### THE TASK
Once the pictures are set aside, transcribe each line of the data exactly.

### DATA EXTRACT ###

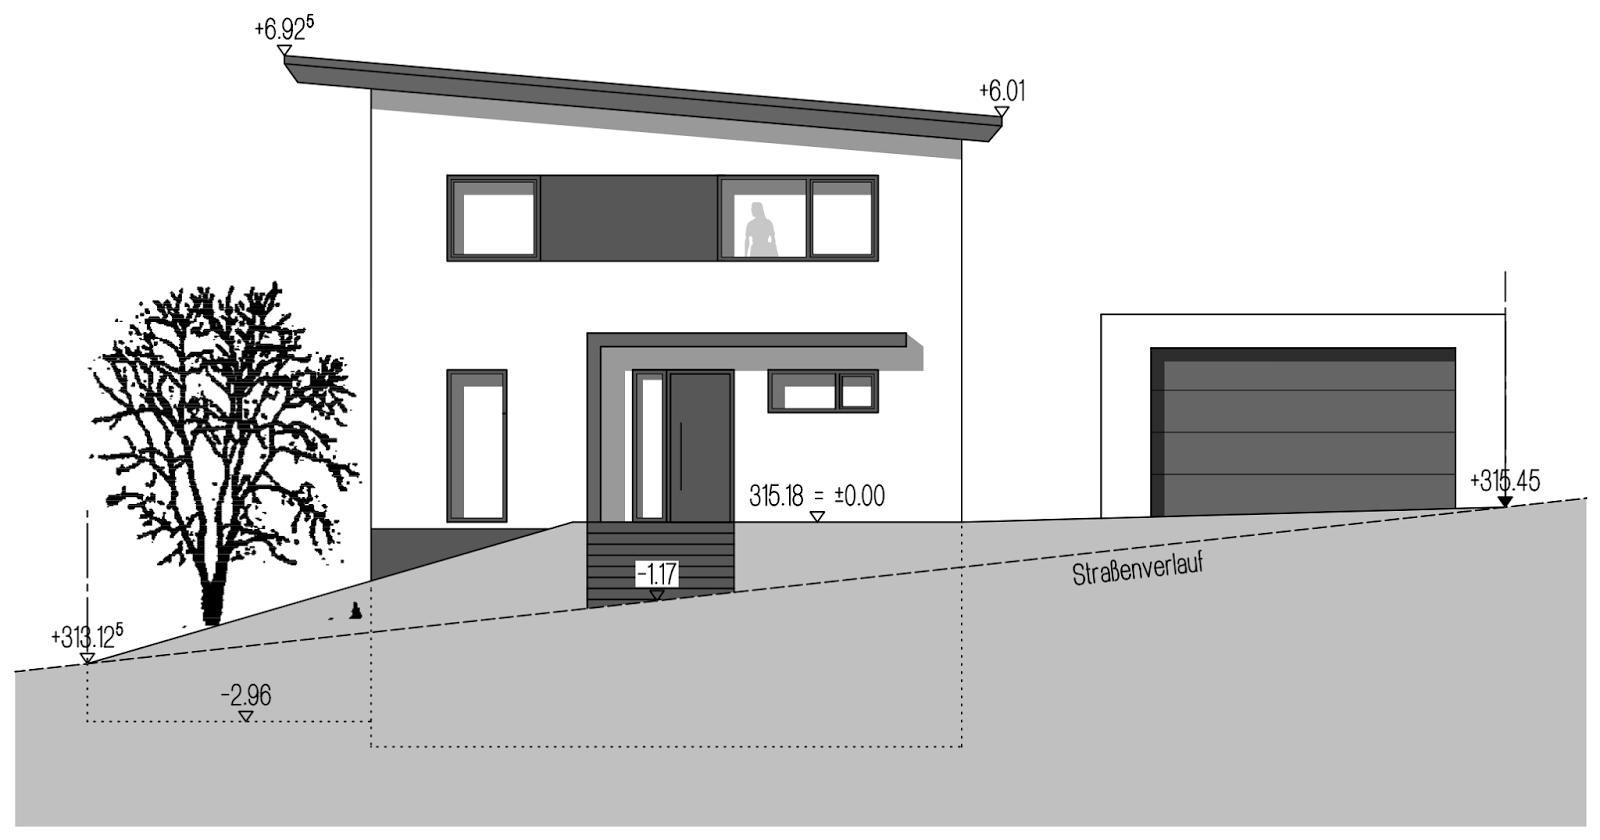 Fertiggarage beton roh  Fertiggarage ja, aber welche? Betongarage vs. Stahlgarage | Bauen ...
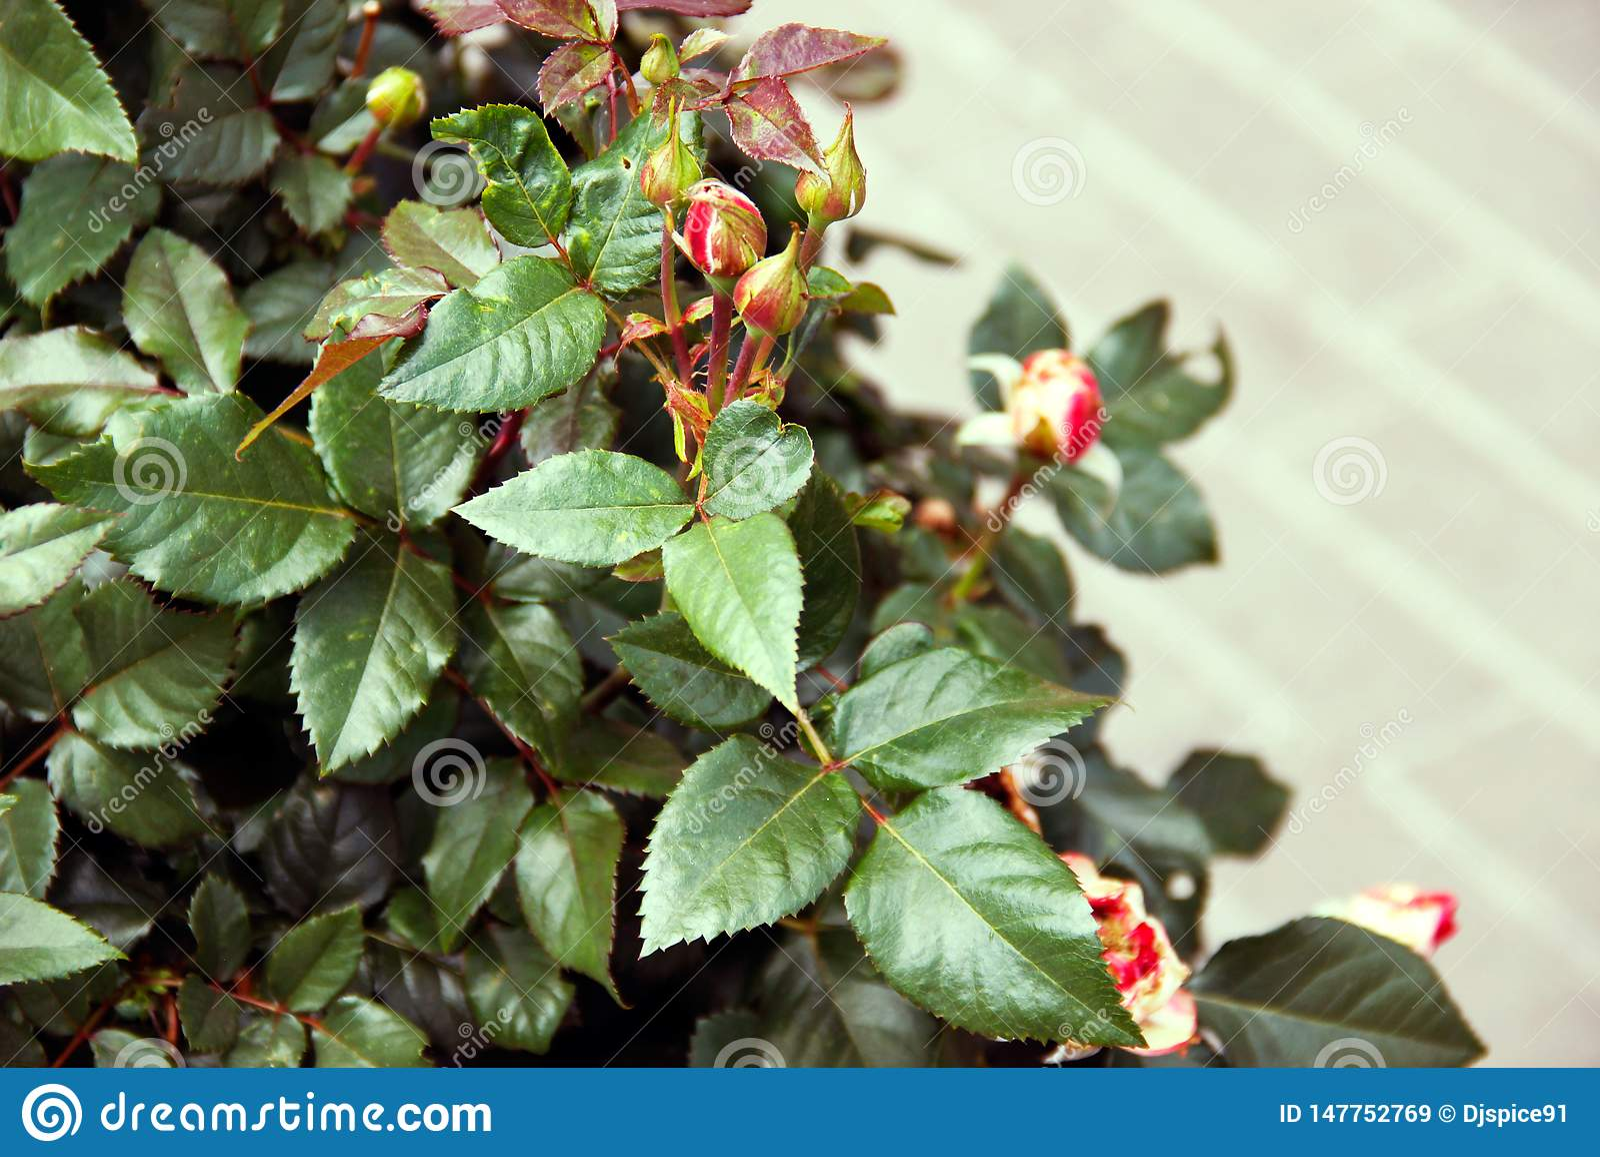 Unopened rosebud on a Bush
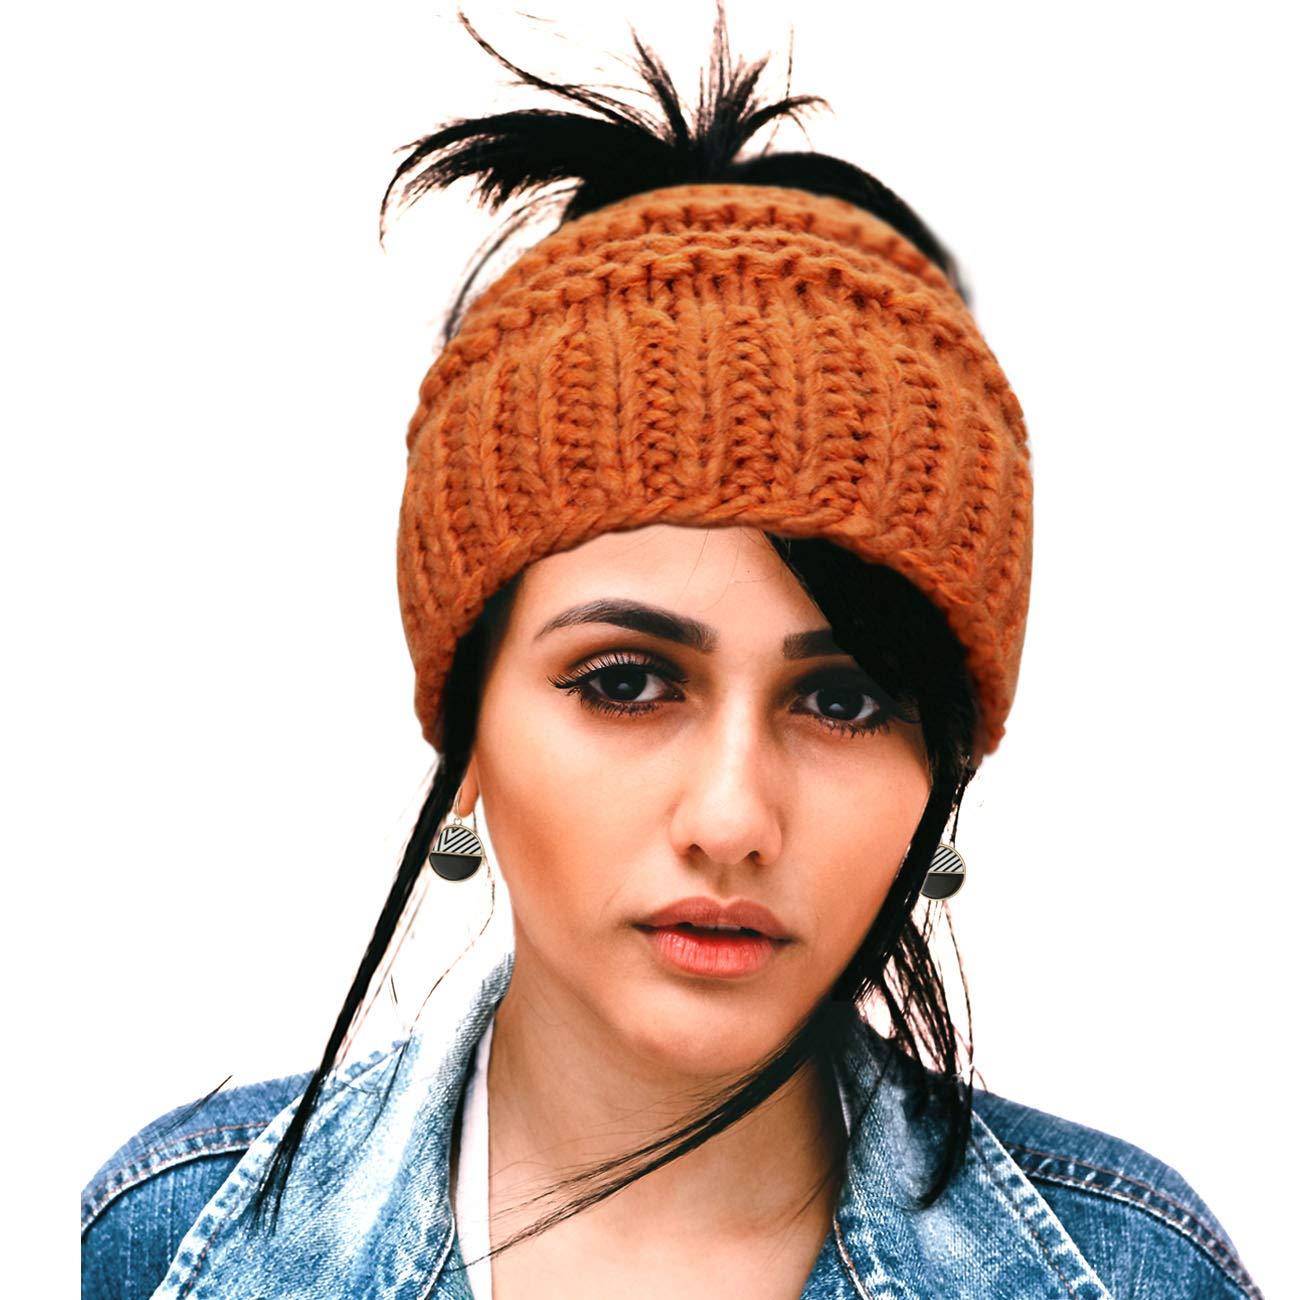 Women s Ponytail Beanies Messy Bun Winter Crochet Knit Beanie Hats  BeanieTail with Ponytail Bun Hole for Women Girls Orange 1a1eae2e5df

###

### RESPONSE FOR THIS EXERCISE
 Fertiggarage beton roh  Fertiggarage ja, aber welche? Betongarage vs. Stahlgarage | Bauen ...
 Unopened rosebud on a Bush
 Women s Ponytail Beanies Messy Bun Winter Crochet Knit Beanie Hats  BeanieTail with Ponytail Bun Hole for Women Girls Orange 1a1eae2e5df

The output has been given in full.